Demandas por consultas em clínicas populares crescem na Capital

Unidades que oferecem atendimento médico com preços acessíveis relatam maior procura em tratamentos eletivos durante a pandemia de Covid-19. Para dar conta da procura, estabelecimentos investiram na reestruturação

Há dois anos na fila de espera do Sistema Único de Saúde (SUS) por consultas médicas de múltiplas especialidades, Lucy Lustosa, de 55 anos, decidiu apertar o orçamento e pagar uma consulta na rede privada. Não fosse o baixo custo da assistência, ela conta que seria obrigada a aguardar "sem perspectiva" o retorno das unidades públicas. Lucy pagou "bem mais barato" porque buscou uma clínica popular, serviço com tabela de preços acessíveis e em crescimento na Capital. Na pandemia de Covid-19, sobretudo, esses estabelecimentos relatam um incremento nas demandas por atendimentos.

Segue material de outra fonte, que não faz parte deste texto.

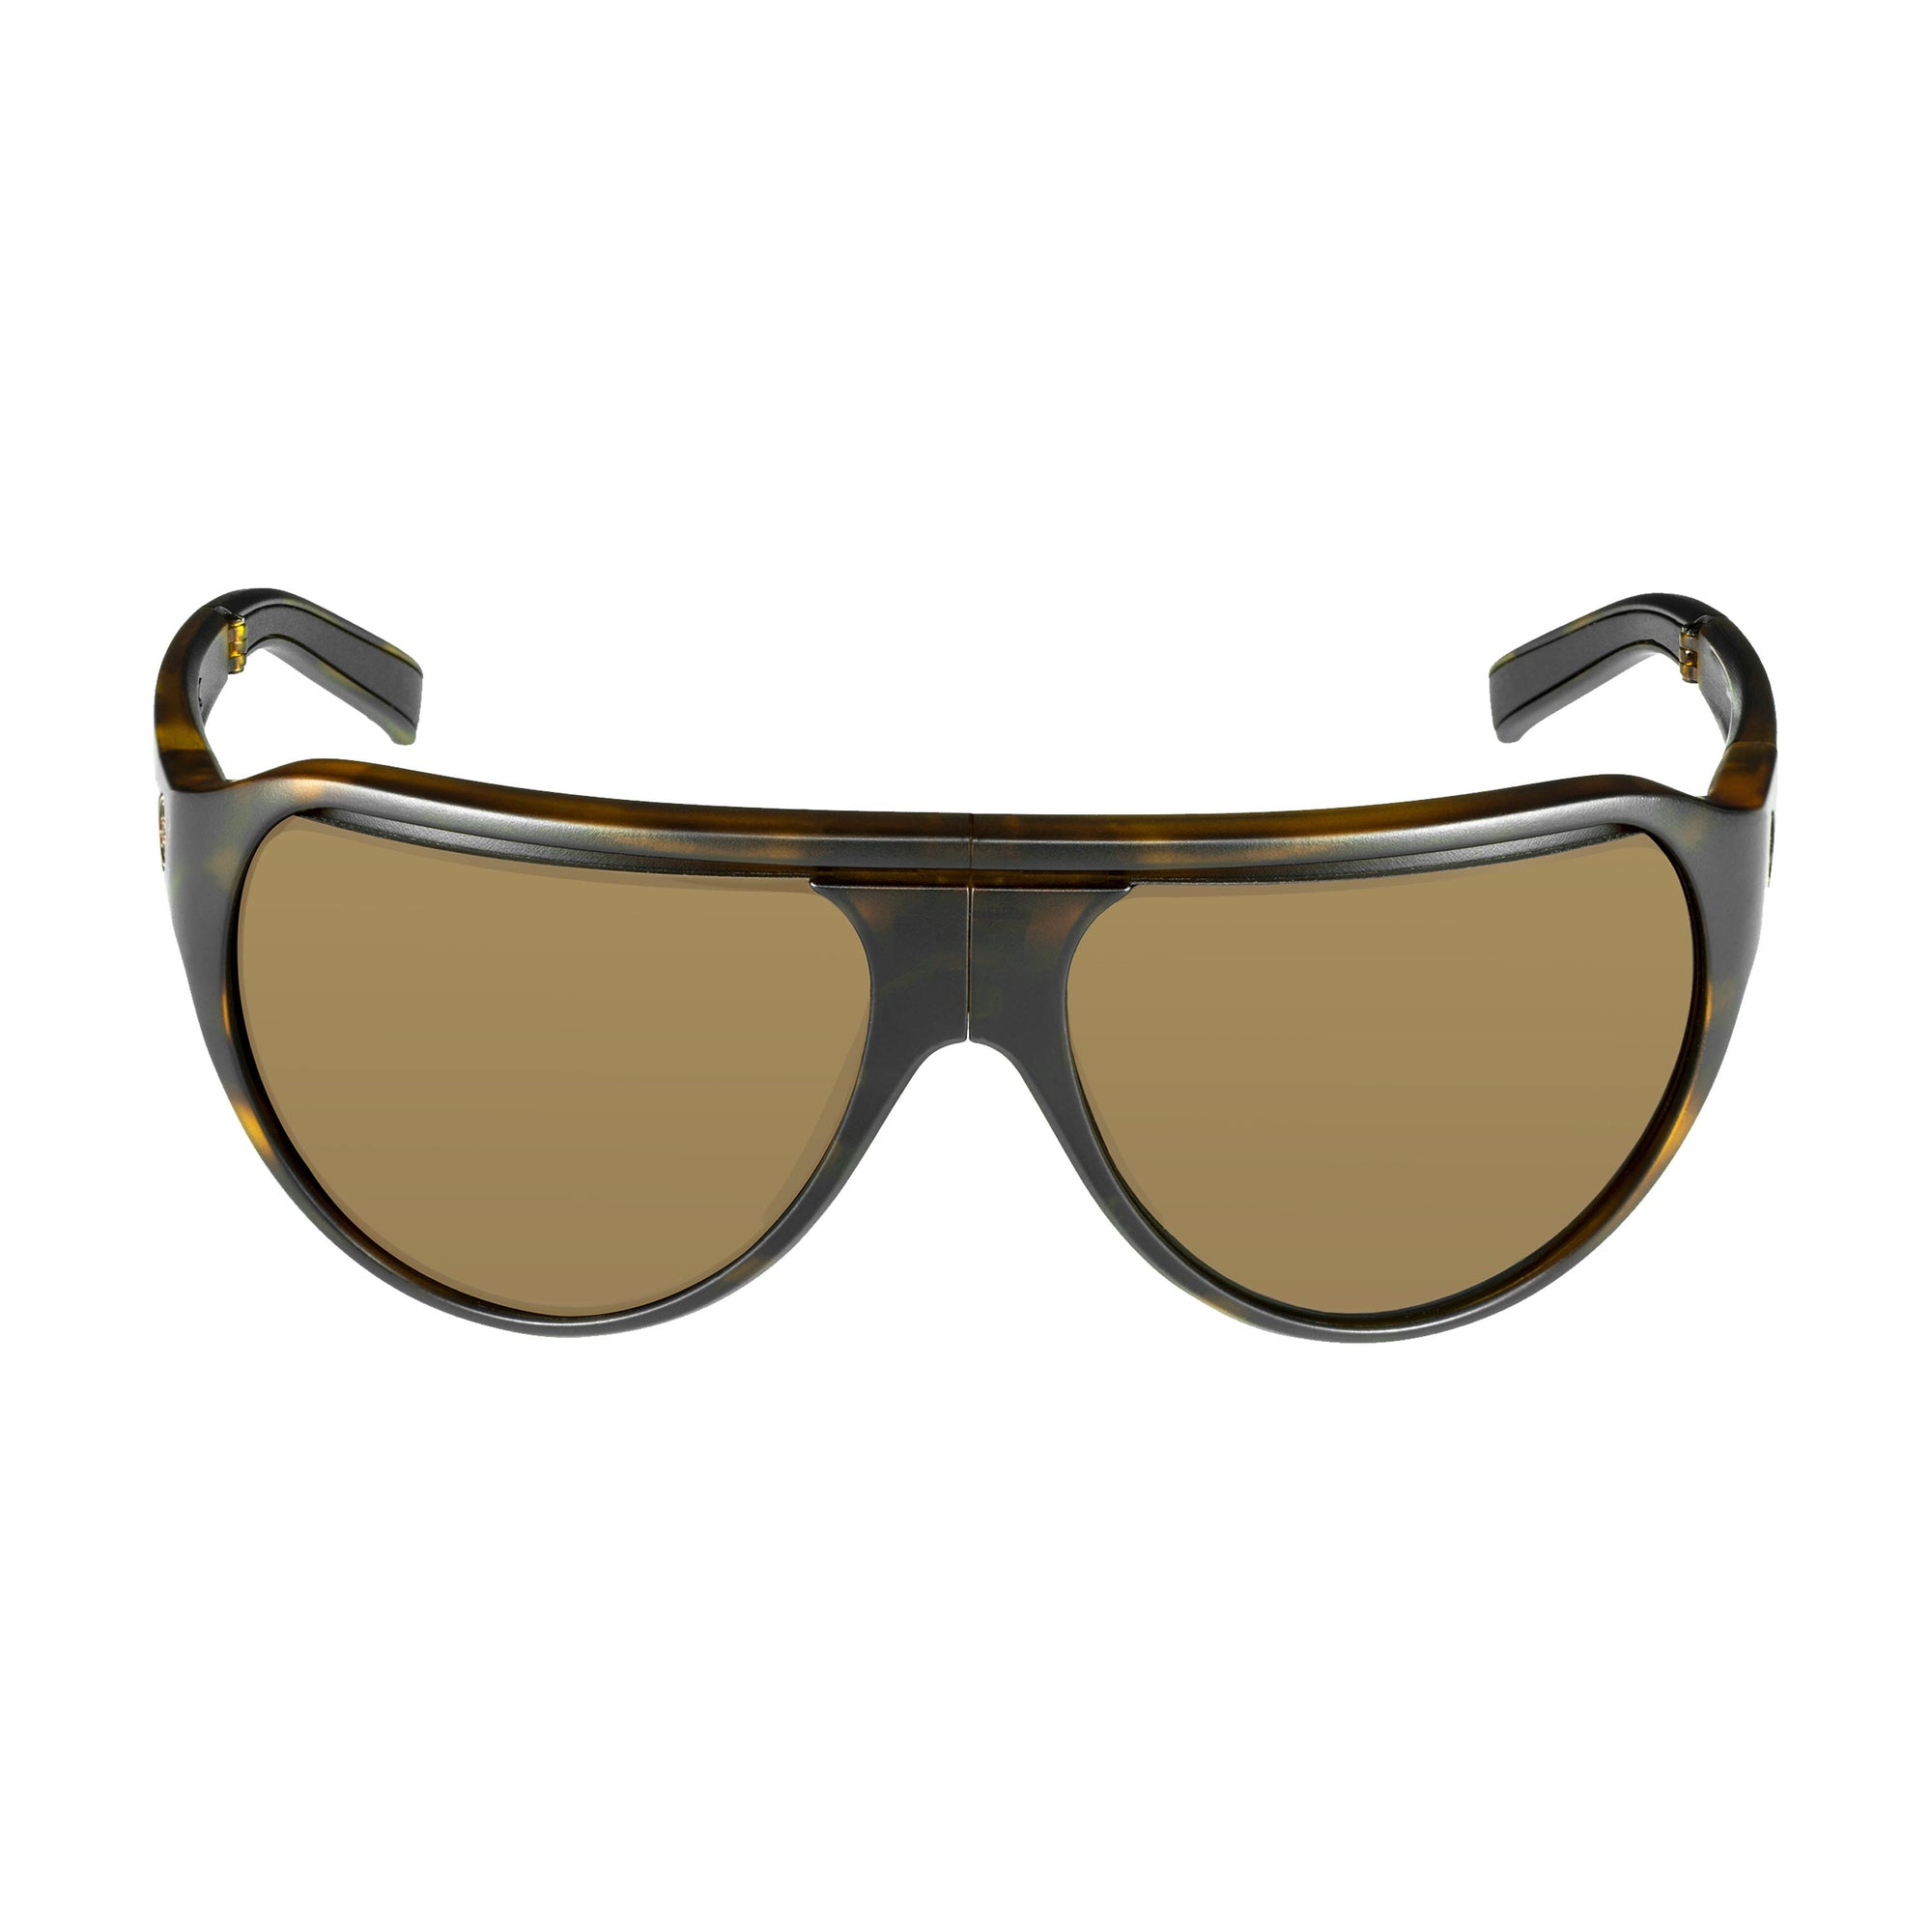 Popticals, Premium Compact Sunglasses, PopAir, 300010-CUNS, Standard Sunglasses, Matte Tortoise Frame, Brown Lenses, Glam View

No Centro Médico Popular, na Parangaba, o aumento das solicitações para agendamento de consultas já foi notado logo após a confirmação dos primeiros infectados pelo novo coronavírus em Fortaleza, na segunda quinzena de março. Segundo a coordenadora Elaine Silveira, a "grande procura" foi motivada inicialmente por pacientes que demonstravam receio de ir a hospitais públicos por causa da circulação viral do SARS-CoV-2. De lá até agora, pontua, o tratamento psiquiátrico registra a maior demanda.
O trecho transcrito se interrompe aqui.